Contribution/Results: They identify, for the first time, that complex reasoning dynamically induces functionally specialized “computational” attention heads that form structured, cooperative circuits supporting stepwise inference. Contrary to prevailing hypotheses, no dedicated “thinking switch” head exists; instead, reasoning enhancement frequently incurs a trade-off—degradation in basic computational capabilities—revealing an intrinsic tension. The study maps distinct attention-head differentiation pathways under different training strategies, uncovers the neural basis of overthinking risks, and provides theoretical foundations for interpretable reasoning modeling and robust training design.
📝 Abstract
The remarkable capabilities of modern large reasoning models are largely unlocked through post-training techniques such as supervised fine-tuning and reinforcement learning.
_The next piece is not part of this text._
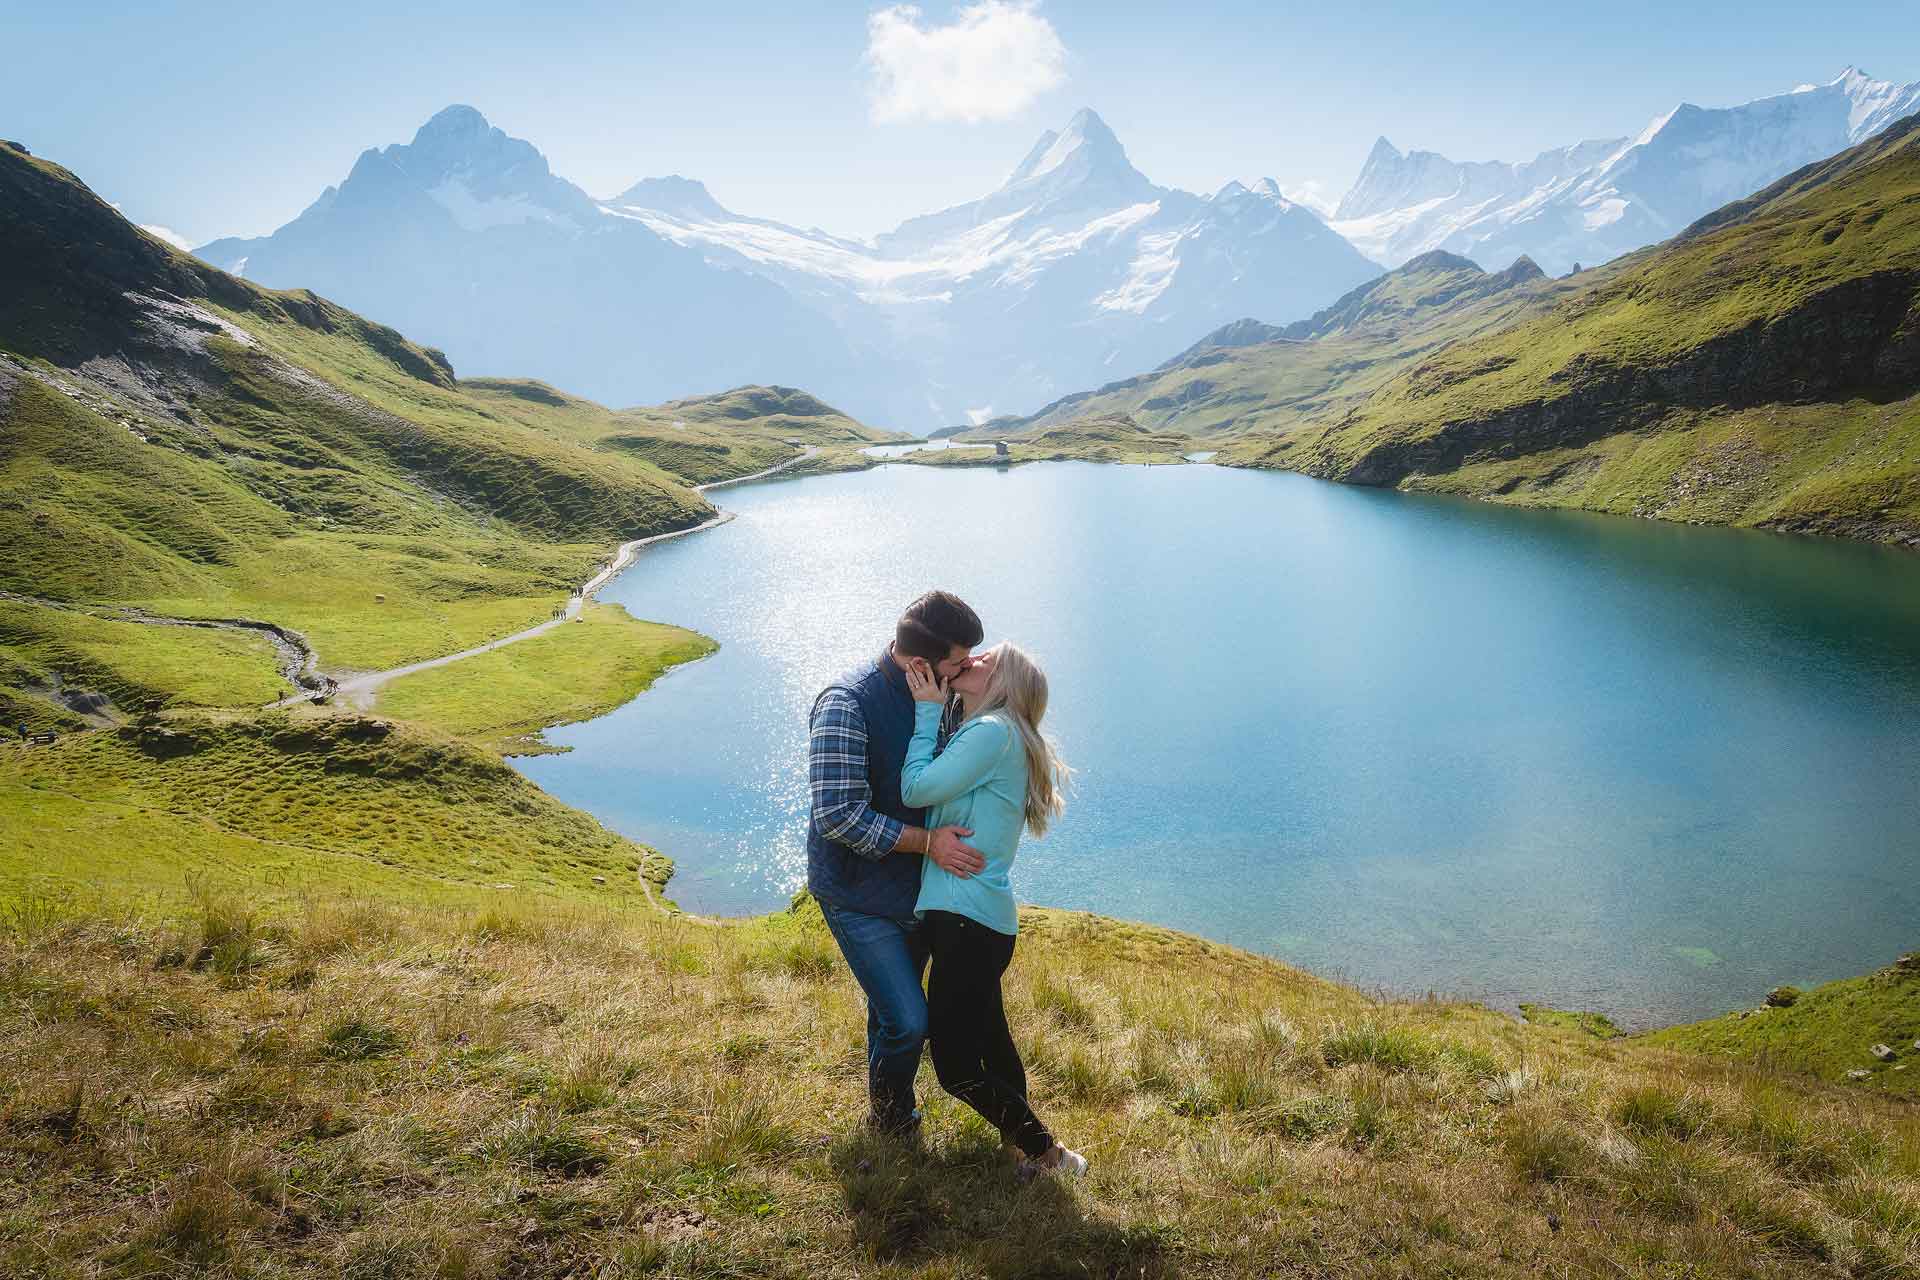 Marriage proposal at Bachalpsee Lake

However, the architectural mechanisms behind such improvements remain largely opaque. In this work, we use circuit analysis to demonstrate that post-training for complex reasoning sparks the emergence of novel, functionally specialized attention heads. These heads collectively support structured reasoning and computation. Our comparative analysis across Qwen families and DeepSeek-distilled model reveals that these emergent heads evolve differently under different training regimes. Distillation and SFT foster a cumulative addition of stable reasoning heads. In contrast, group relative policy optimization operates in a dynamic search mode: relatively few attention heads are iteratively activated, evaluated, and pruned, with their survival closely tracking fluctuations in the task reward signal. Furthermore, we find that controllable think on/off models do not possess dedicated thinking heads. Instead, turning off explicit reasoning triggers a broader-but less efficient-set of compensatory heads. Through ablation and qualitative analyses, we connect these circuit-level dynamics to a crucial performance trade-off: strengthened heads enable sophisticated problem-solving strategies for difficult problems but can also introduce over-thinking failure modes, such as calculation errors or logical loops on simpler tasks. These findings connect circuit-level dynamics to macro-level performance, identifying an inherent tension where complex reasoning comes at the cost of elementary computations. More broadly, our work points to future directions for training policy design, emphasizing the need to balance the development of effective reasoning strategies with the assurance of reliable, flawless execution.